This application relates to and claim the benefit of priority from Japanese Patent Application No. 2019-147653 filed on Aug. 9, 2019 the entire disclosure of which is incorporated herein by reference.
BACKGROUNDThe present invention relates to an information processing apparatus and a table recognition method.
Since the character recognition technology has been spread, the automation of manual processes has been progressed. For example, inputting contents in a document to a database has been automated by utilizing character recognition processing. In recent years, creating a database of contents in a table has also been automated by utilizing the character recognition processing.

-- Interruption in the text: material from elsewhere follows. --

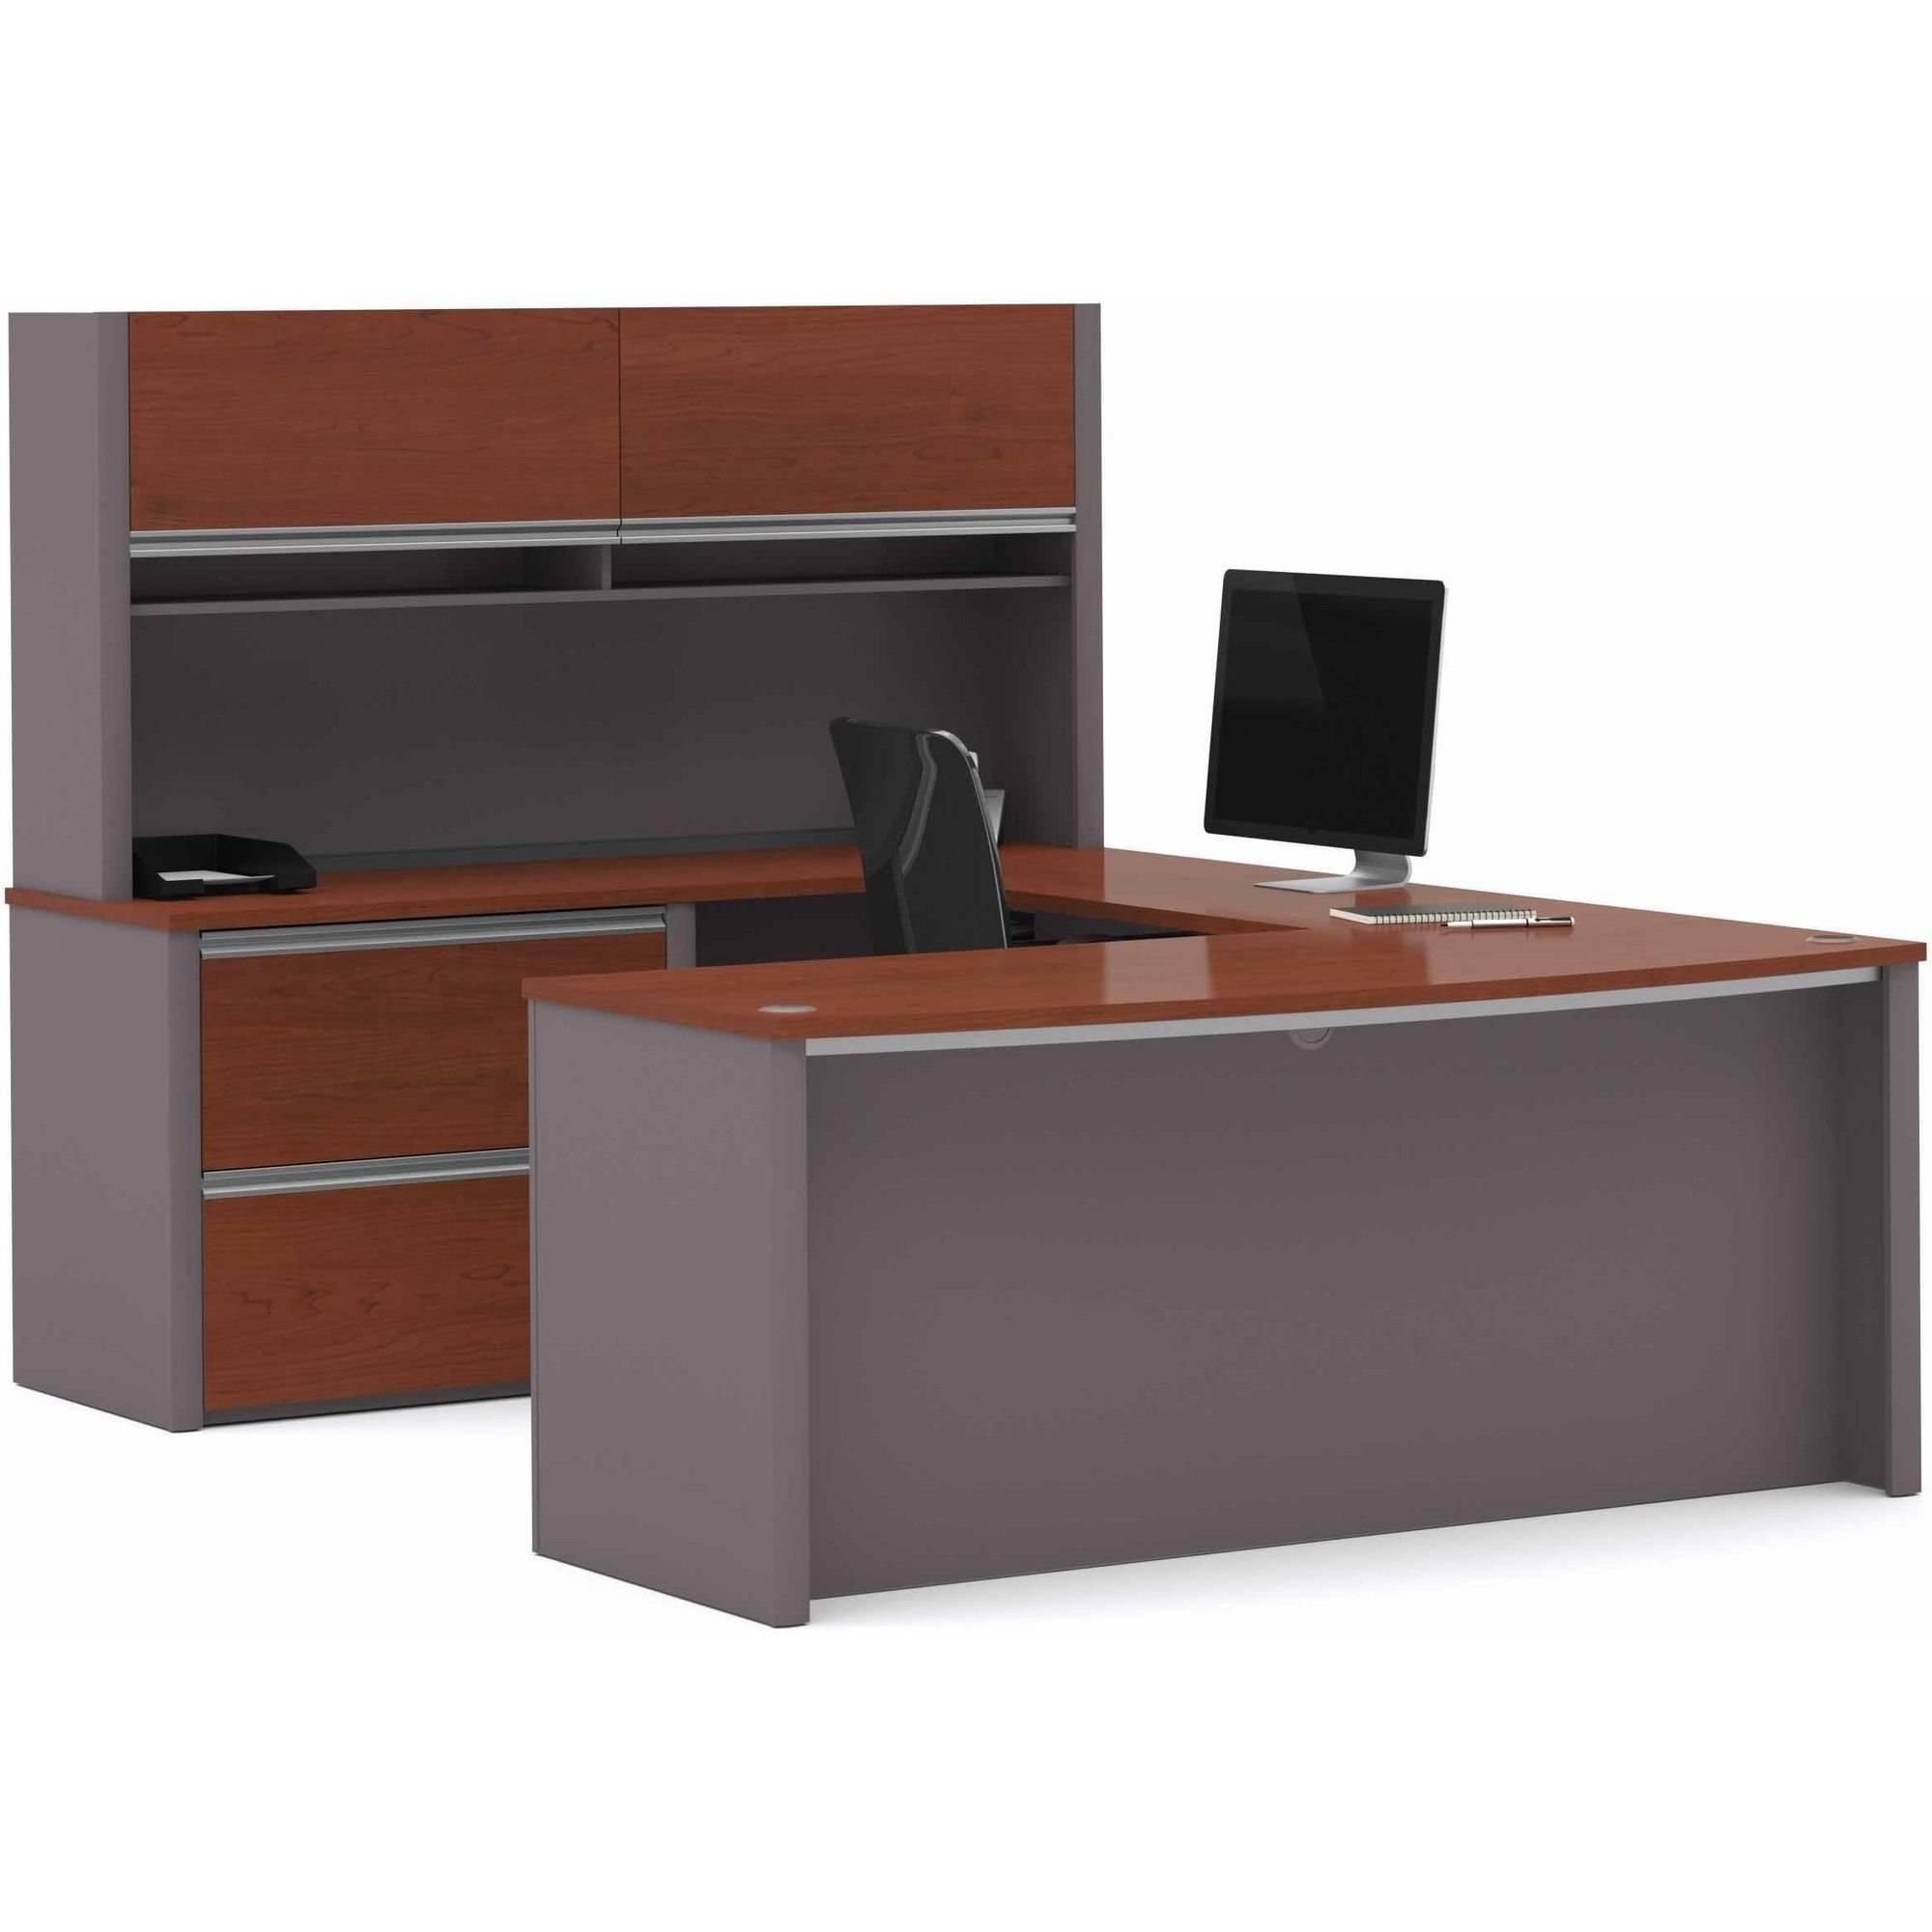 Computer Desks Under $300 Within Latest Desks & Workstations – Walmart (Gallery 19 of 20)

To automatically create a database of contents in a table in a document image, it is necessary to acquire character strings from the table with the use of the character recognition processing, and extract item names in the table and item values corresponding to the item names from the acquired character strings. Note that, item names mean character strings representing information types and are generally written in the uppermost row or leftmost column of a table in many cases. Further, item values mean contents corresponding to item names. The processing of acquiring, from a table, character strings corresponding to the item names and the item values is herein referred to as “table recognition”.
To achieve table recognition, a method that involves checking character strings acquired by character recognition processing against an item name dictionary prepared in advance to identify the coordinates of an item name in a table, to thereby identify the corresponding item value has been considered.

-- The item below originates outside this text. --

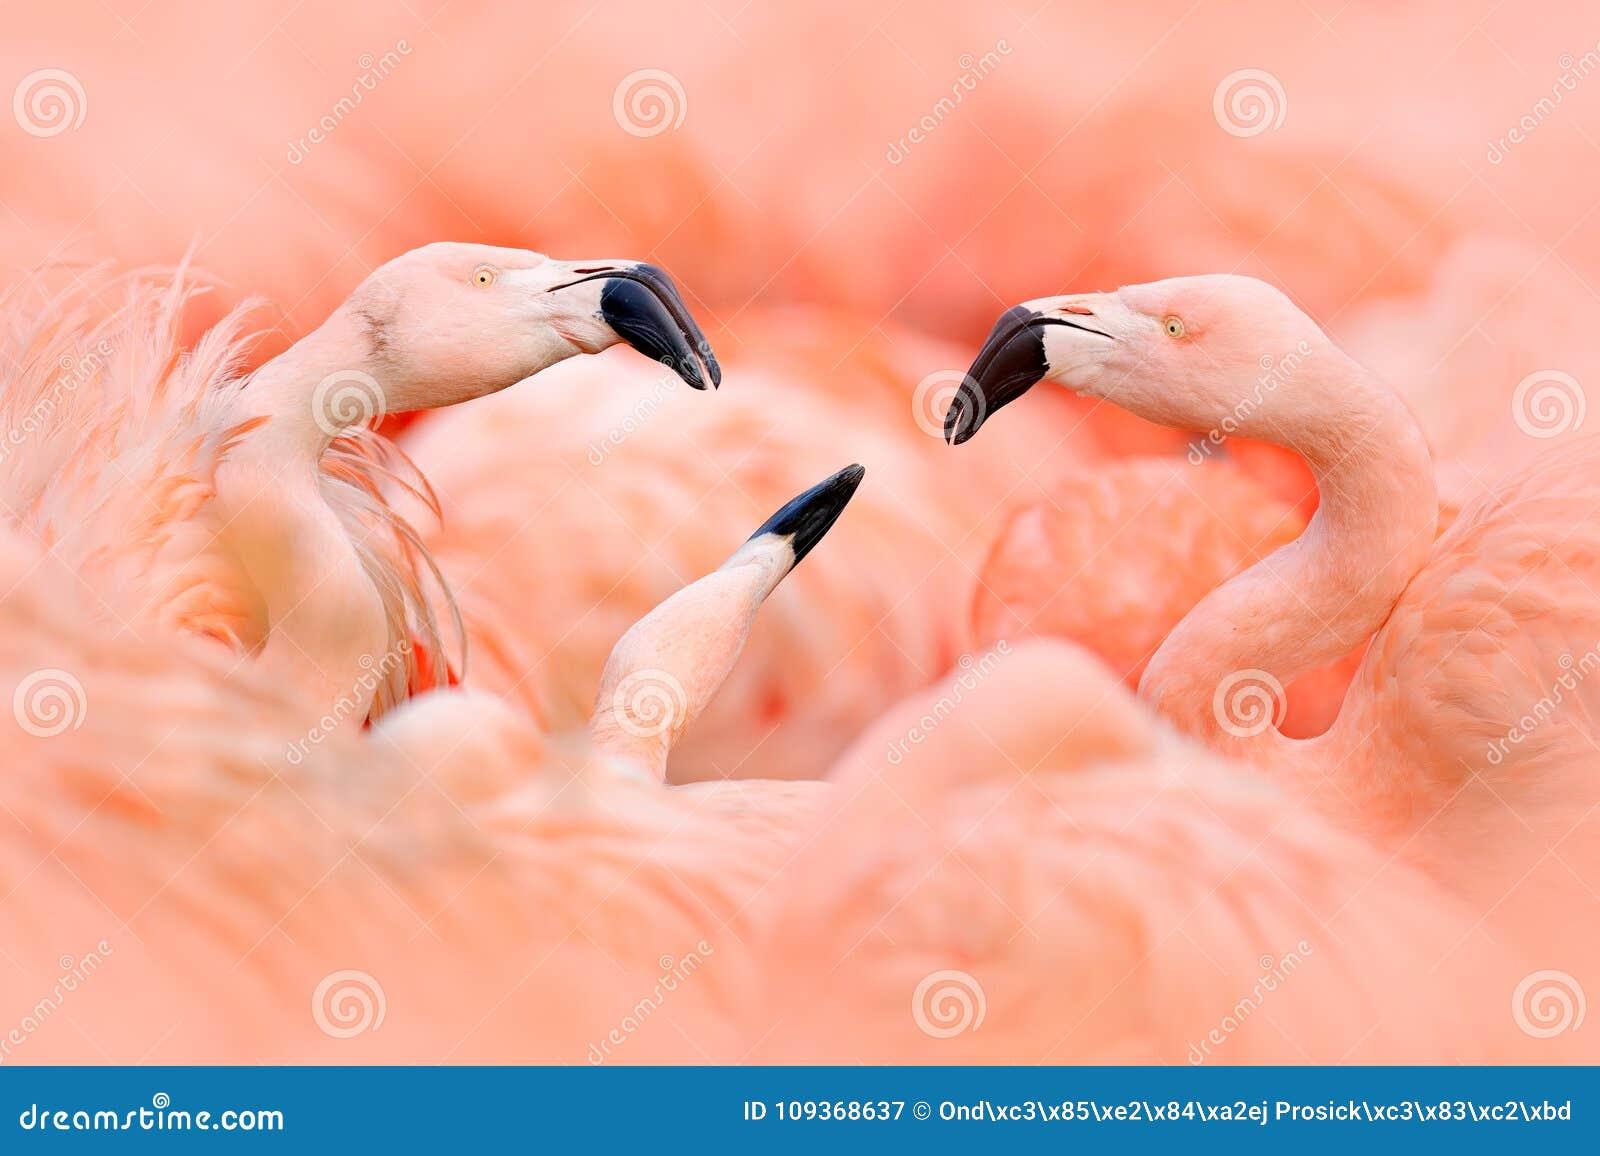 Flaningo战斗 美国火鸟, Phoenicopterus rubernice,桃红色大鸟,跳舞在水中,动物在自然栖所,古巴,

For example, in Japanese Patent Application Laid-open No. 2006-92207, there is disclosed a document attribute acquiring apparatus including a table area estimating unit configured to estimate, from document data, an area including the attribute and attribute content thereof as a table area, a character recognizing unit configured to recognize characters in the table area, an attribute recognizing unit configured to recognize the attribute on the basis of a recognition result by the character recognizing unit, and an extraction unit configured to extract a character string at a position corresponding to the attribute recognized by the attribute recognizing unit, as the attribute content in association with the attribute.
Using the technology described in Japanese Patent Application Laid-open No. 2006-92207 makes it possible to estimate a table area in a document image and recognize characters in the table area to extract item names and item values in the table area, to thereby create a database.

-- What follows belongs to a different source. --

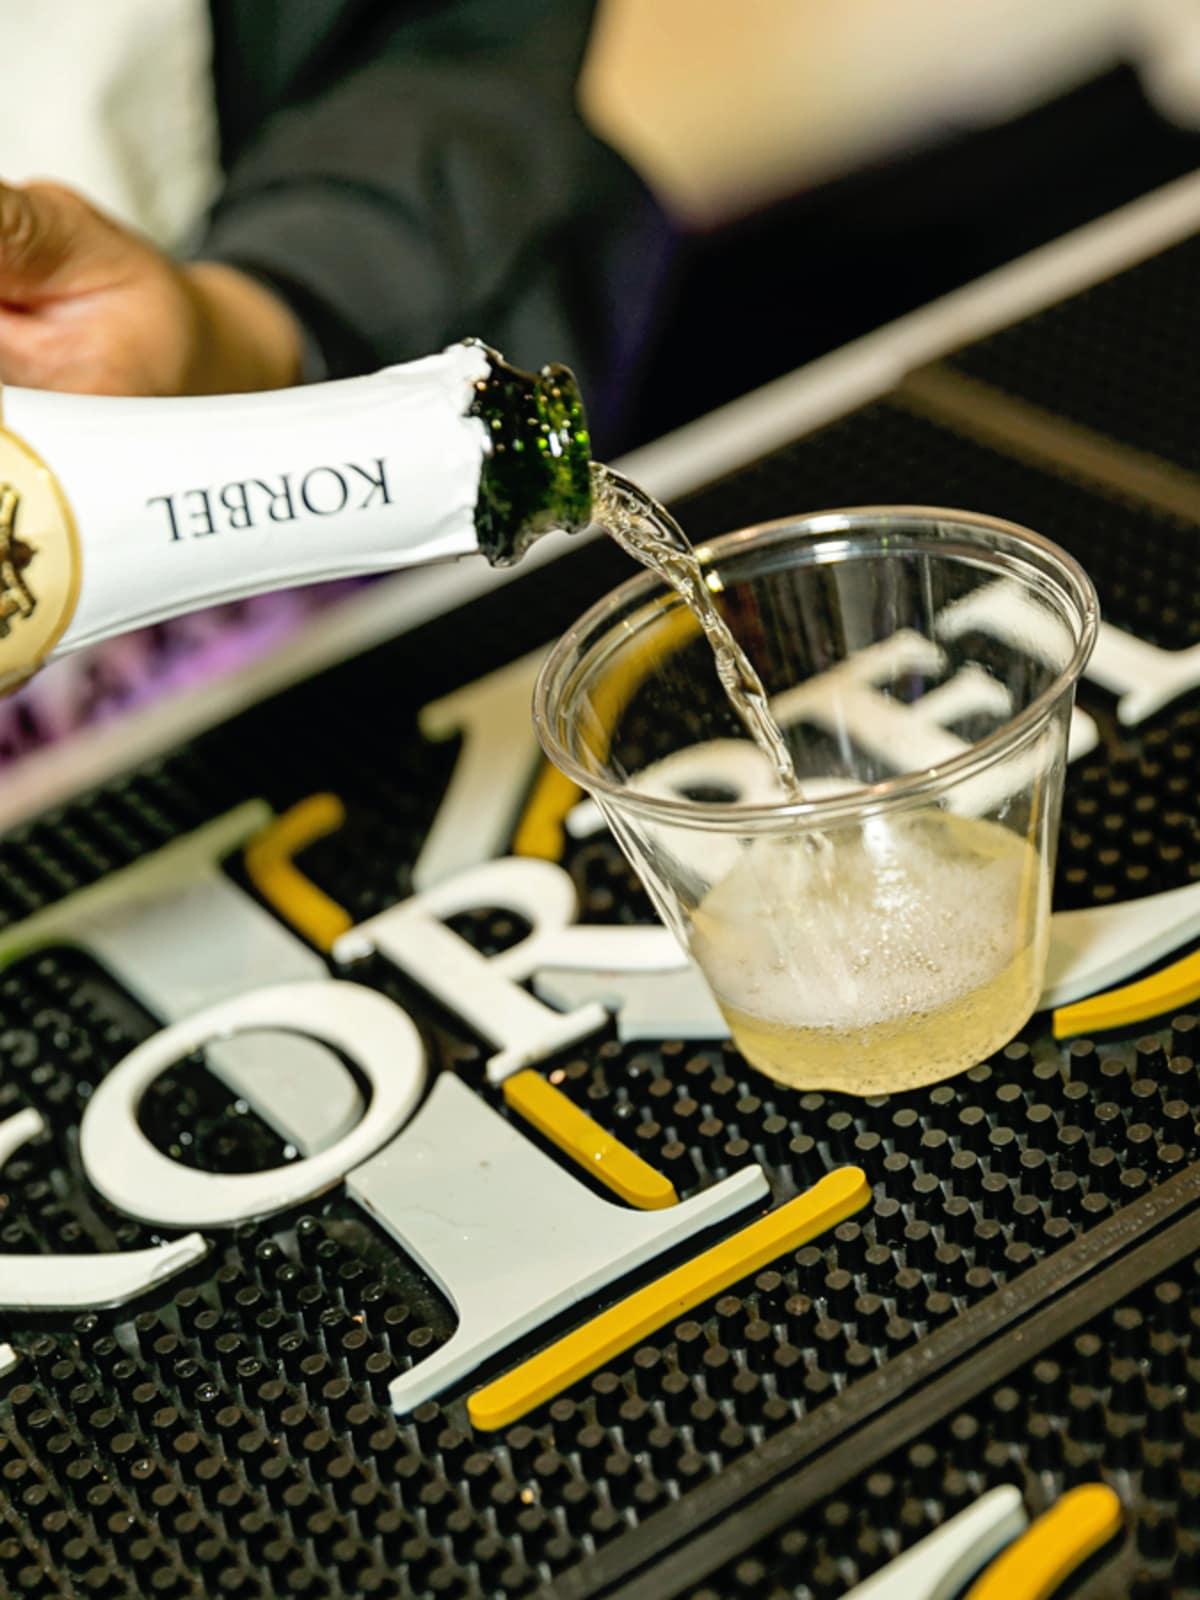 Tastemaker Awards 2018 Korbel Bubbly Bar

Targets of the processing by the technology described in Japanese Patent Application Laid-open No. 2006-92207 are tables each having two rows and n columns or n rows and two columns, and item names all written in the same row or column. Thus, the technology has a problem in recognizing complicated tables such as tables having a larger number of rows or columns or tables having item names sparsely distributed in the tables. Note that, a table area having item names sparsely distributed in tables is regarded as a joined table area obtained by joining table areas having a plurality of tables semantically different from each other.
The present invention has been made in view of the above-mentioned problem, and provides an information processing apparatus and a table recognition method that can semantically decompose a plurality of different tables joined, to thereby recognize the tables.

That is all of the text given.